● **PROBLEM STATEMENT**
Copy out exactly the stretch below, from the line with "Kitco, potato chips, chicken flavor 21g" through the line with "Perceeloppervlakte Nobletstraat 6 Haarlem", both included; the pictures stay out.

● **GIVEN DATA**
────────────────────────────────────────
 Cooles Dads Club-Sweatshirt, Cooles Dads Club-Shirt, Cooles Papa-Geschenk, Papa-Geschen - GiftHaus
────────────────────────────────────────
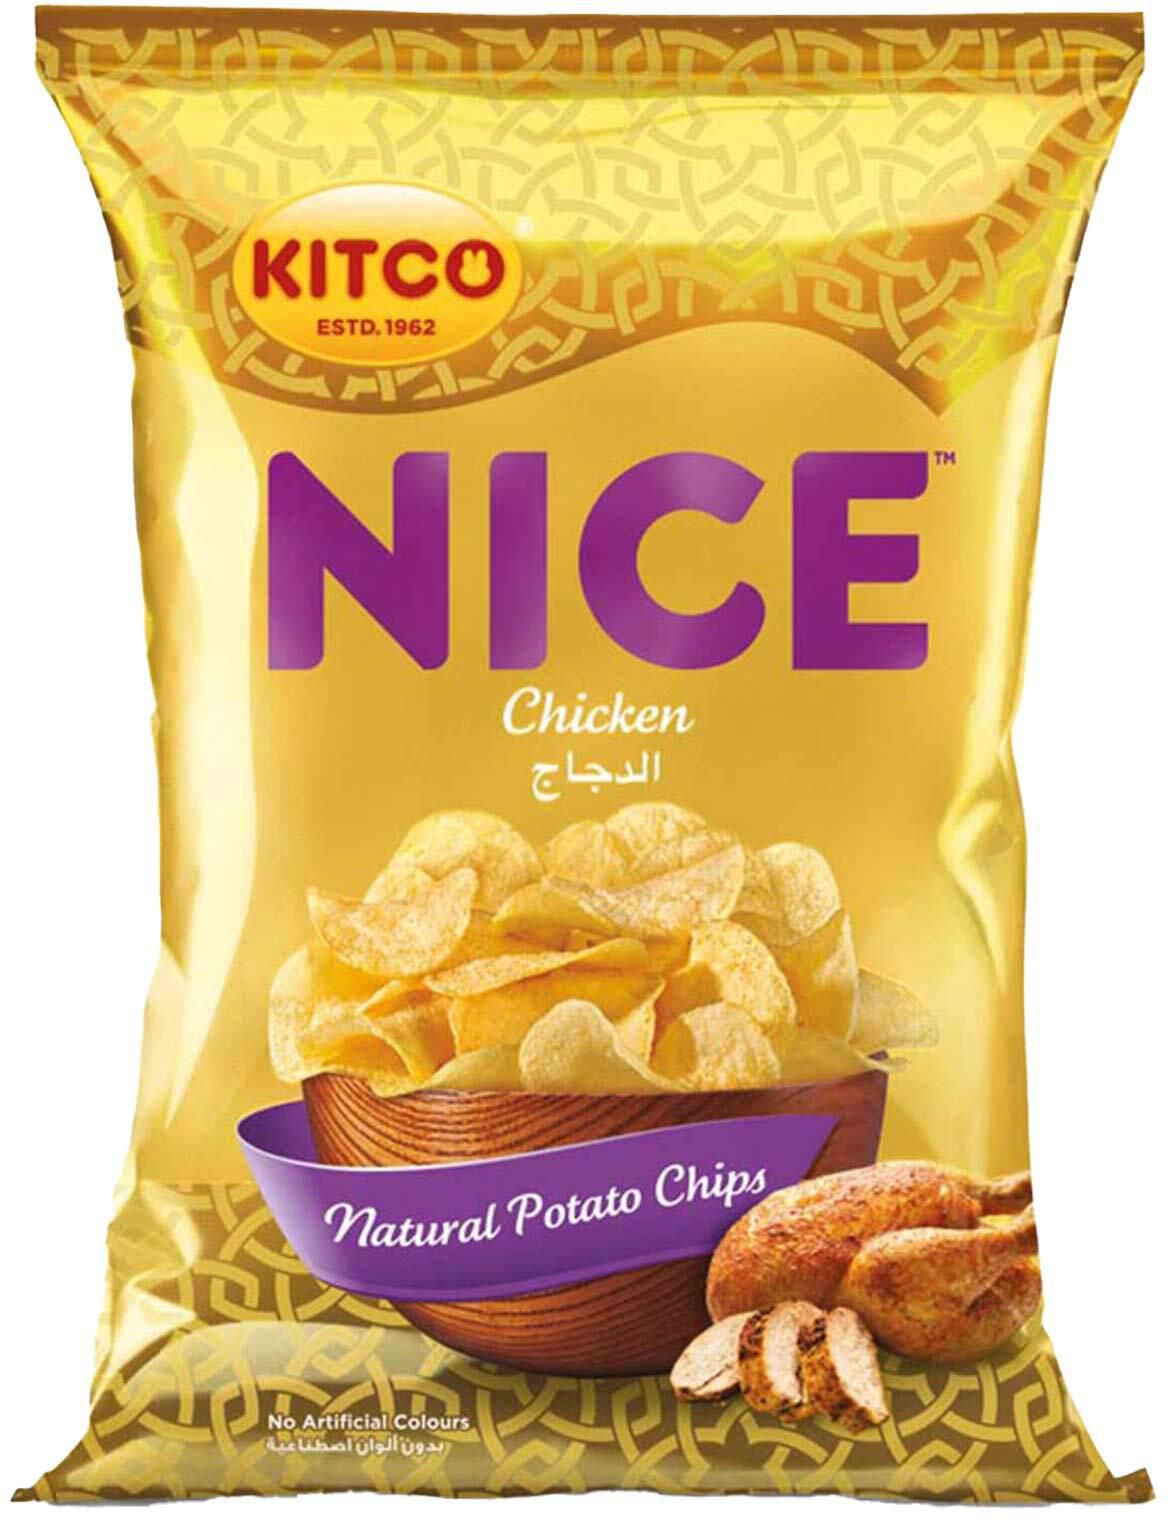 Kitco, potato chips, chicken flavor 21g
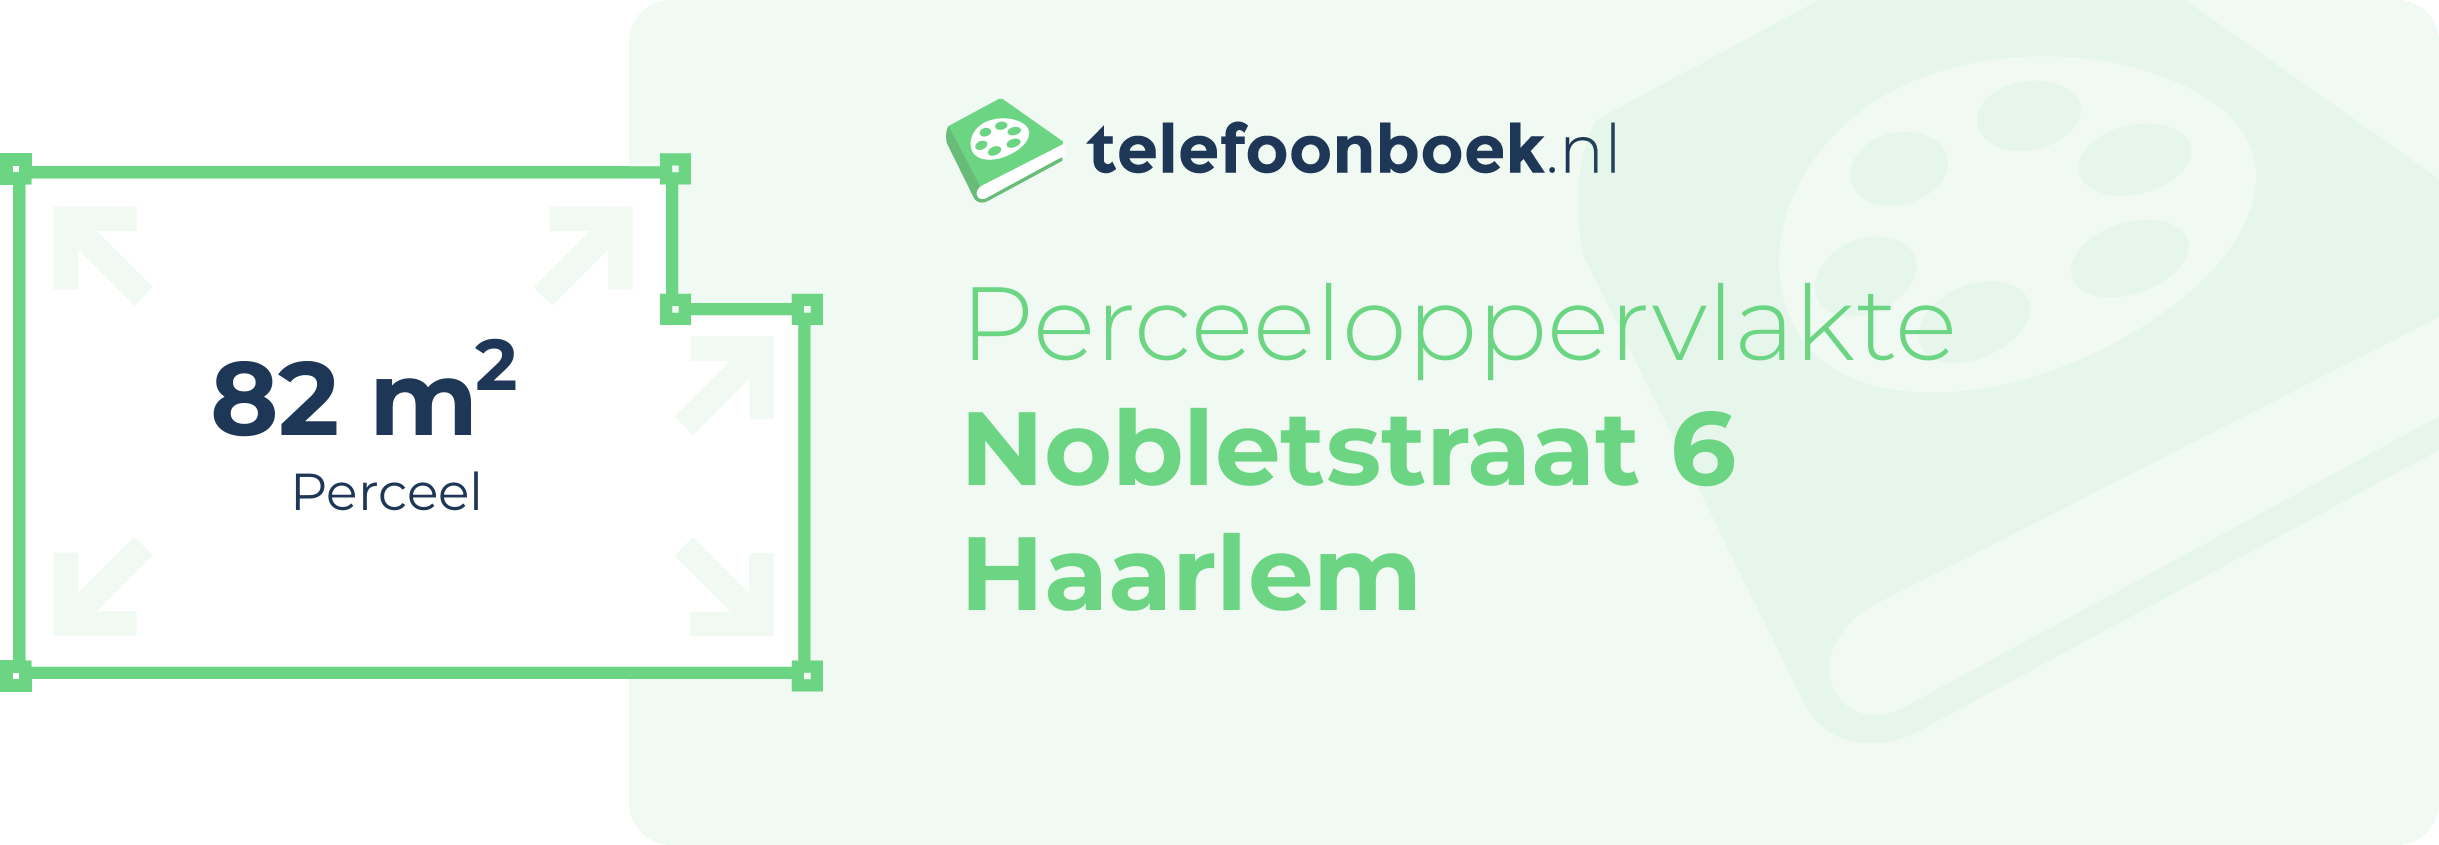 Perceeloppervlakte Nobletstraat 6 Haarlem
────────────────────────────────────────
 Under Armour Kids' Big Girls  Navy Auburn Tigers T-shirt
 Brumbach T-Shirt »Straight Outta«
────────────────────────────────────────
● **EXERCISE OUTPUT**
 Kitco, potato chips, chicken flavor 21g
 Perceeloppervlakte Nobletstraat 6 Haarlem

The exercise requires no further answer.